**STORED DATA**
::::
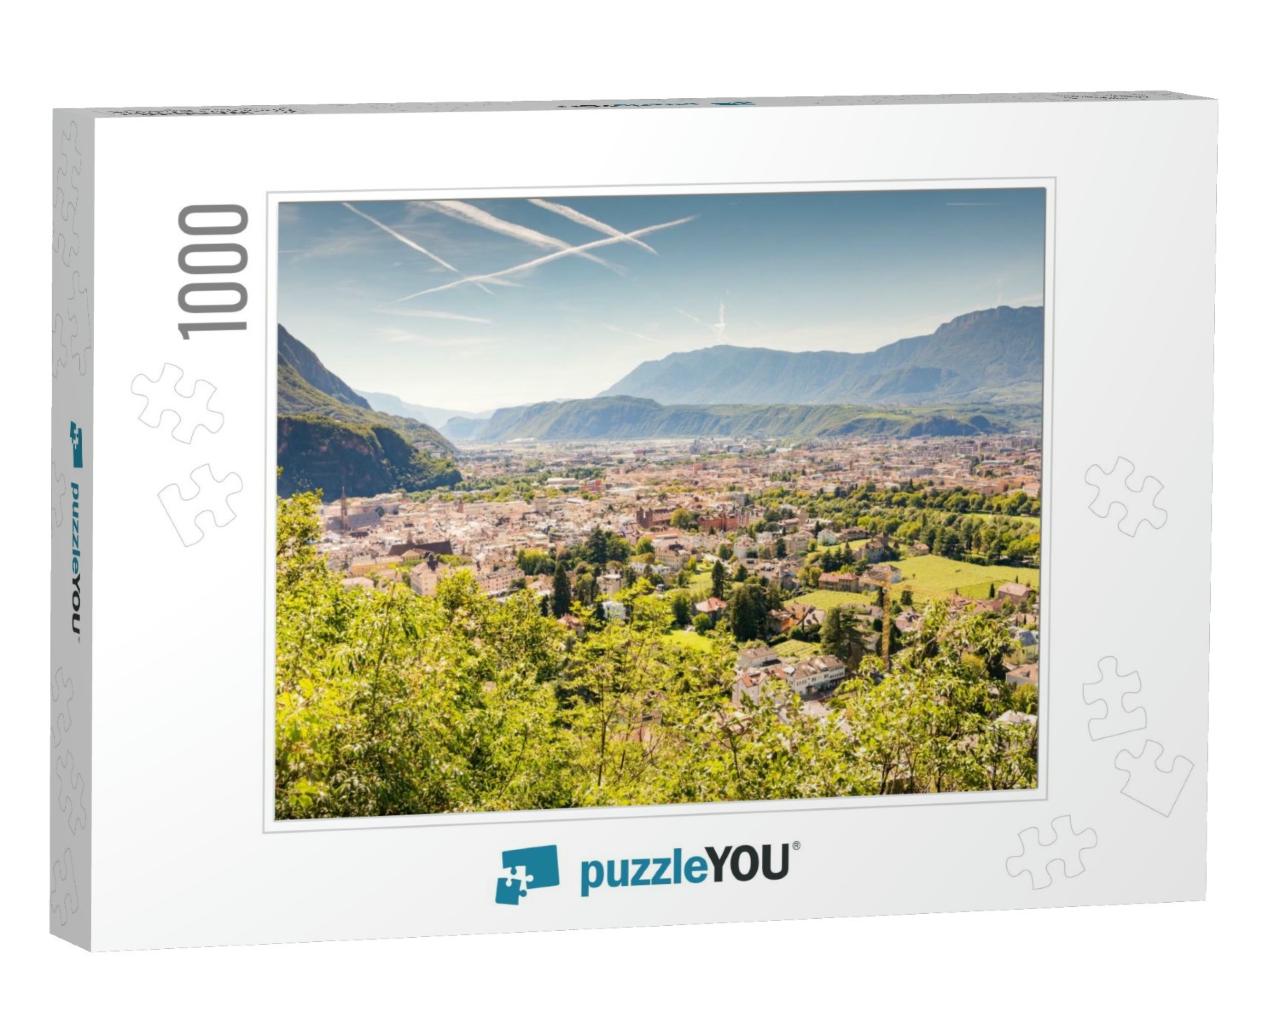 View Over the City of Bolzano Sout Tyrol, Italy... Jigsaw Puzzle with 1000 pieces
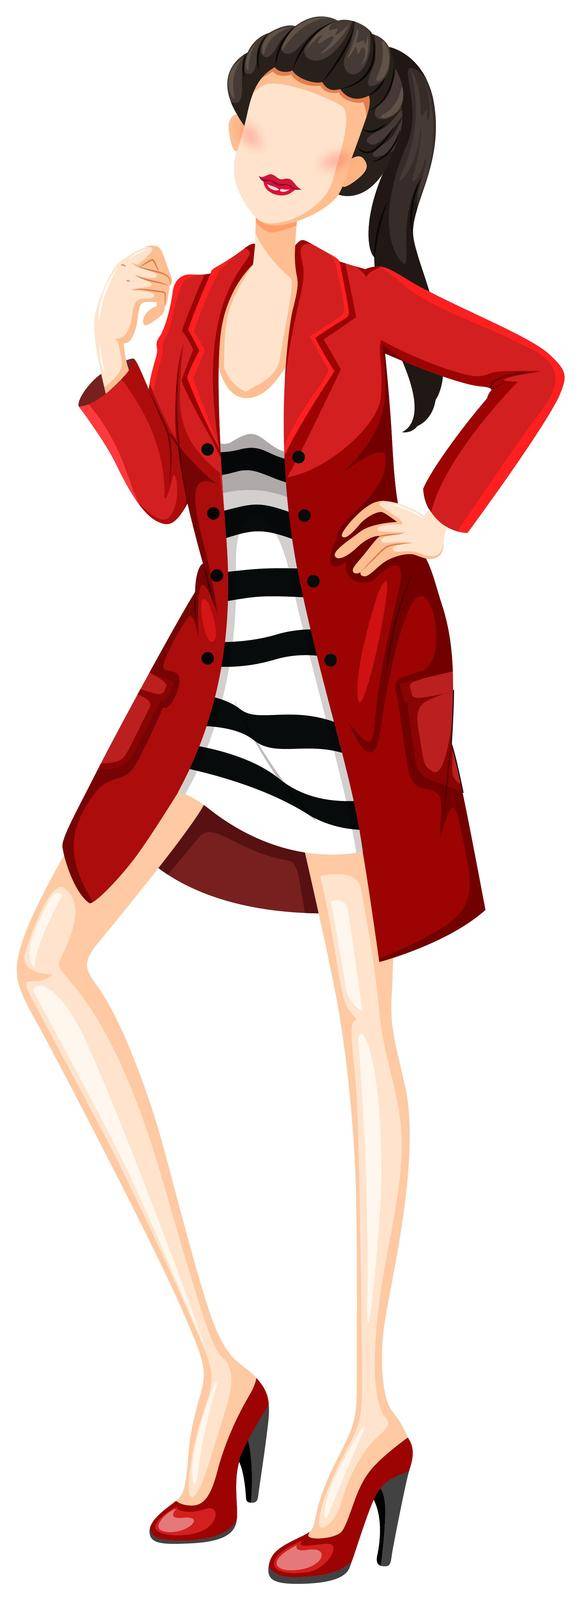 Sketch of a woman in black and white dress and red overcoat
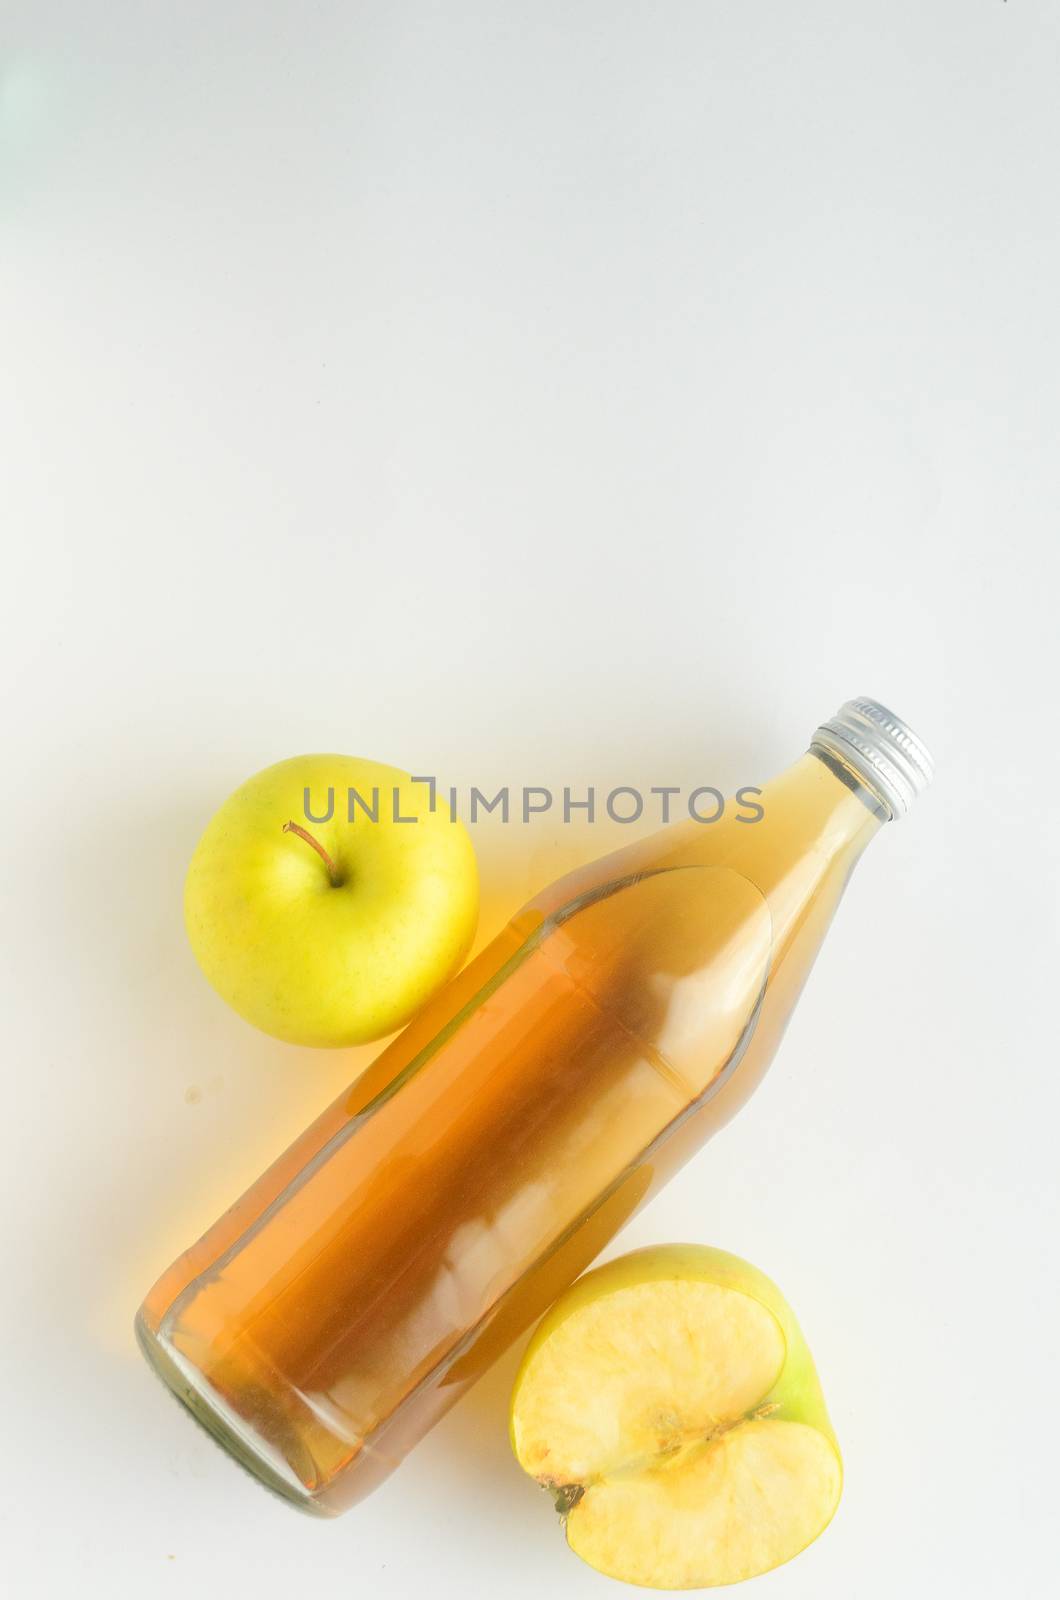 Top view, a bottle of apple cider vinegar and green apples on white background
::::
**WHAT TO WORK ON**
Give back the listing exactly, with the pictures removed.

**FINAL ANSWER**
 View Over the City of Bolzano Sout Tyrol, Italy... Jigsaw Puzzle with 1000 pieces
 Sketch of a woman in black and white dress and red overcoat
 Top view, a bottle of apple cider vinegar and green apples on white background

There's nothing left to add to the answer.